The first time I left Todd alone with our twins to go to the grocery store, he called me 45 minutes later. I was standing in line at the checkout feeling good to be “alone”. When I answered the call he said, “You have to come home. They won’t stop crying and it’s driving me crazy.” To be fair, I breastfed and the boys were only about 6 weeks old. He felt helpless to calm them. So, I went home. And, a week later I went to get my hair cut. This time I left him some pumped milk he could offer if things got scary. Now, years later, Todd is on his own with all four of our kids without any problems.
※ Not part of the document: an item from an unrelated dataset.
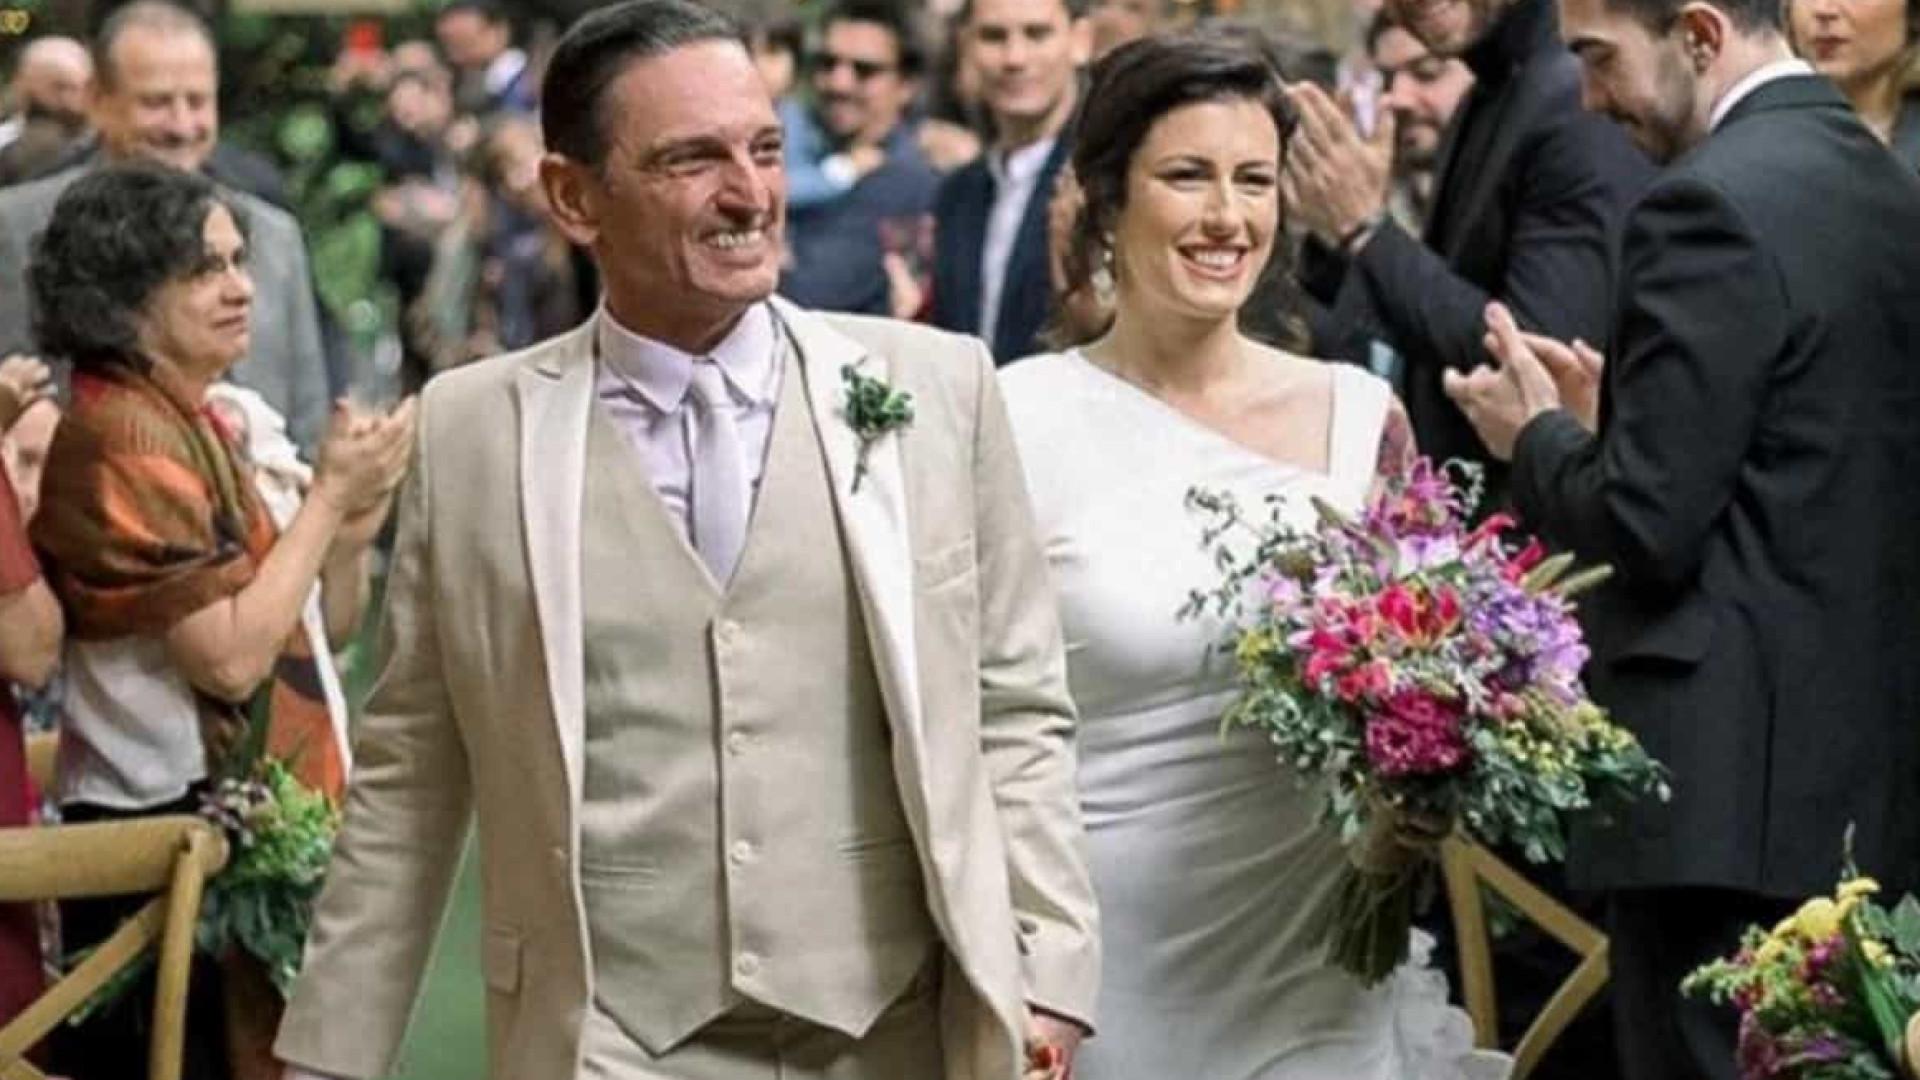 Paulo Miklos e Renata Galvão se casam em cerimônia para 200 convidados

Why can’t we moms let go? It seems to me that the underlying issue is fear. “If I don’t do it, it won’t get done right.” Are you afraid of leaving your baby/kids with your husband? Or is he afraid? First, I want to encourage you in this area. You are the mommy. Nobody else can be the mommy except you.
So, let him be the Daddy! He might feed them fruit loops and ice cream for dinner. He may not bathe them or if he does, he may get water in their faces. He just might read them 3 stories instead of exactly two. Does all of that really matter for one day? Or, maybe he will actually do a lot of things right. Could he actually do something better than you? You’ll never know until you let him try. Give him some space. The time you spend away will only serve to give you a much deserved break and boost Daddy’s confidence.
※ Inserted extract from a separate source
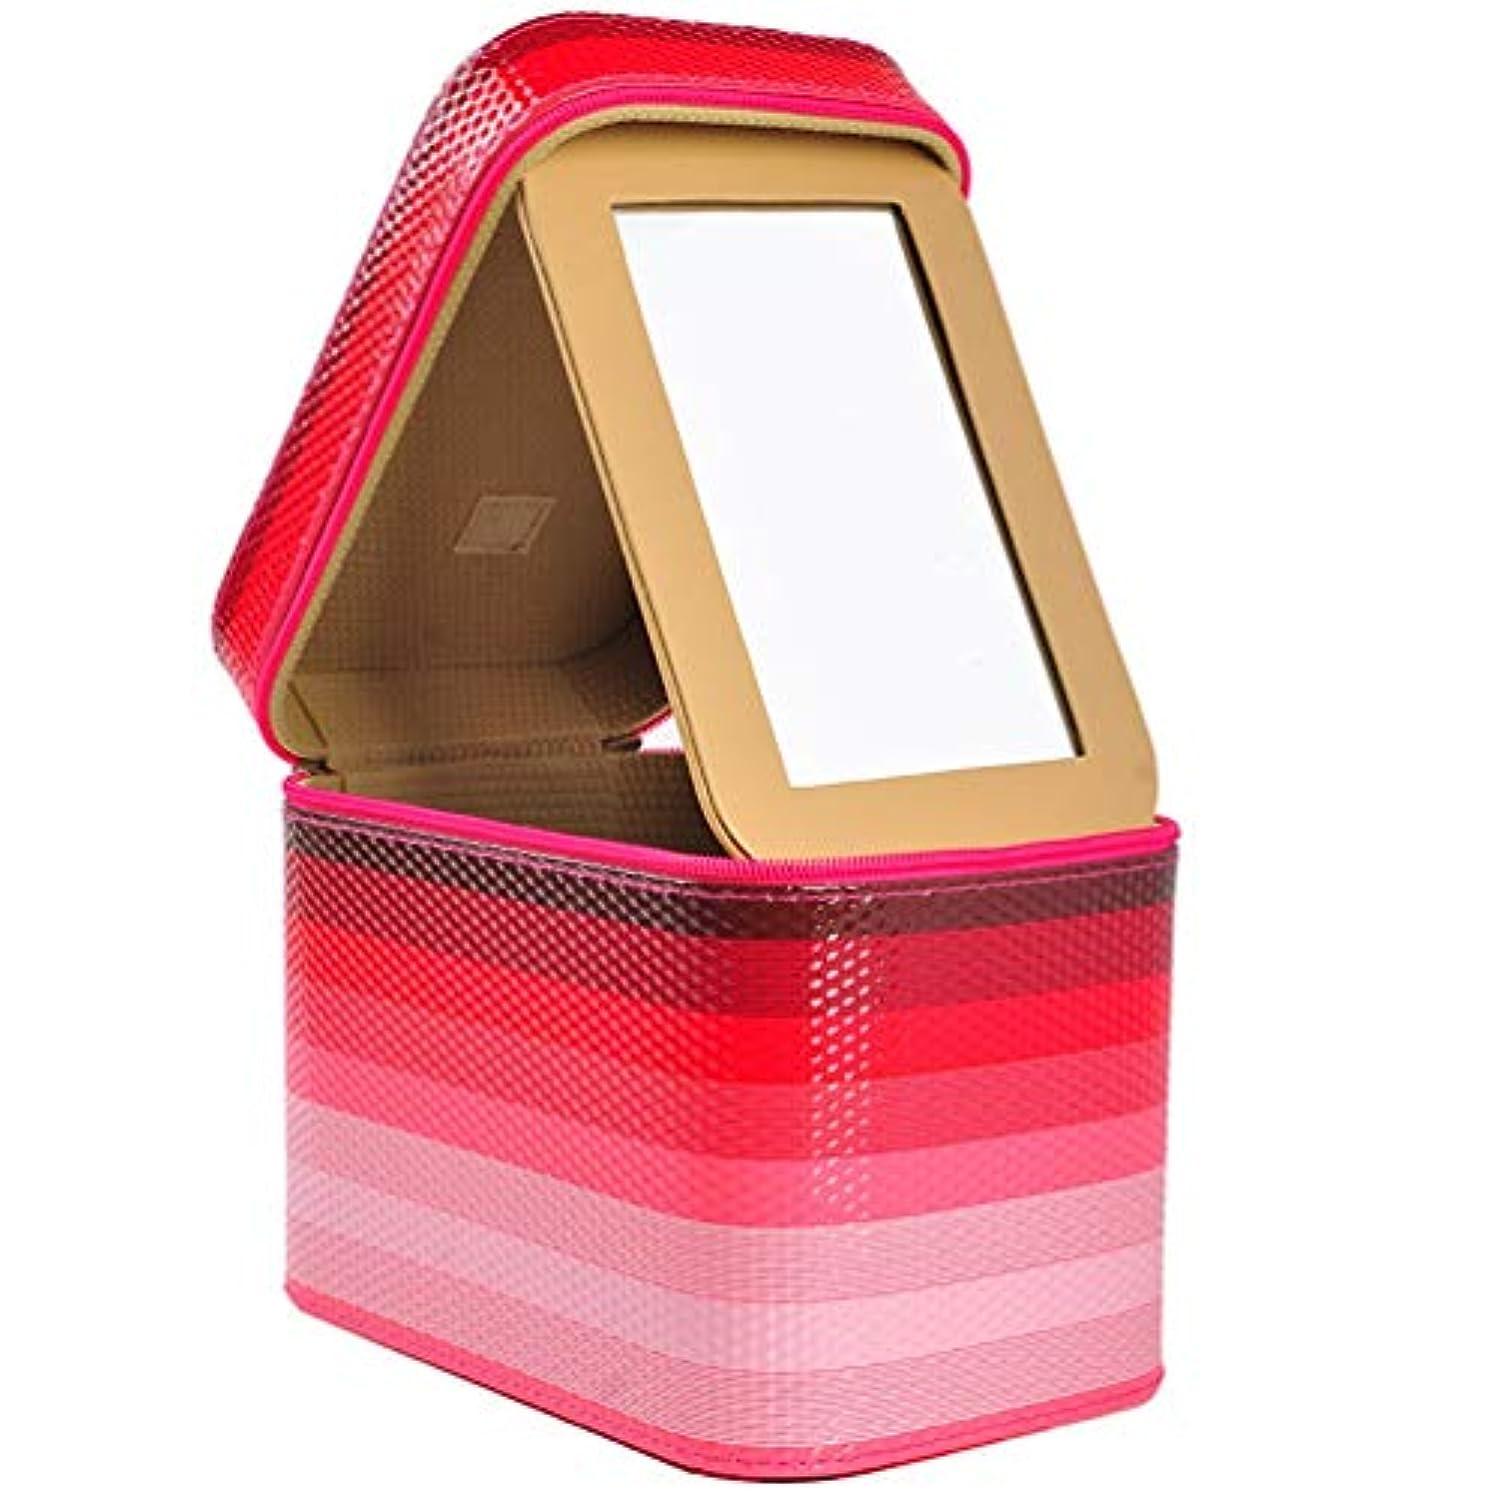 ダブル敏感なフロンティア[カタク]メイクボックス コスメボックス 大容量 鏡付き 化粧ボックス おしゃれ 取っ手付 携帯便利 化粧道具 メイクブラシ 小物 出張 旅行 機能的 PUレザー プロ仕様 きらきら 化粧ポーチ コスメBOX

What will it do for the relationship between your baby and his daddy? We hear all the time how important it is for a baby to bond with her mother, but what about the bond with daddy?
I’ll be the first to admit that I can be a little controlling when it comes to taking care of my kids. As moms, we all can lean in this direction because it’s what we do. We live each day serving our kids and rightly so. I can give the little ones a bath without getting one drop of water in their eyes. I can make the best oatmeal and tuck them in just right. Even the mistakes I make are sometimes heralded by my kids.
My husband does not do it the way I do. He’s got his own way with our kids. And I love it! Nobody can get a laugh like Daddy in our house. No one can beat him at making funny voices when reading a story. No one can out-dance him. No one can win a tickle war against him. He’s the first one the kids ask to play outside with them. And, best of all, I can leave our house knowing they will be loved and cared for while I’m gone. Notice I didn’t say they will have a good babysitter. A daddy is not a babysitter. He’s a parent.
Are you ready to let go a little? If you are unsure about how things will go, start small. Leave for one hour at a time and then expand the time a little with each outing. If Daddy needs it, give him detailed instructions on schedule, food, sleep, etc. Tell him you know he can do it. He needs to hear your approval and encouragement. One of the most discouraging things you can do to a new daddy is to tell him you don’t trust him with his own children. Even if you haven’t actually said it, maybe your actions and lack of trust speak for themselves. Let him ask questions and make sure you stay by the phone in case he needs you. Take slow steps. It gets easier each time and your confidence (as well as his) will grow too.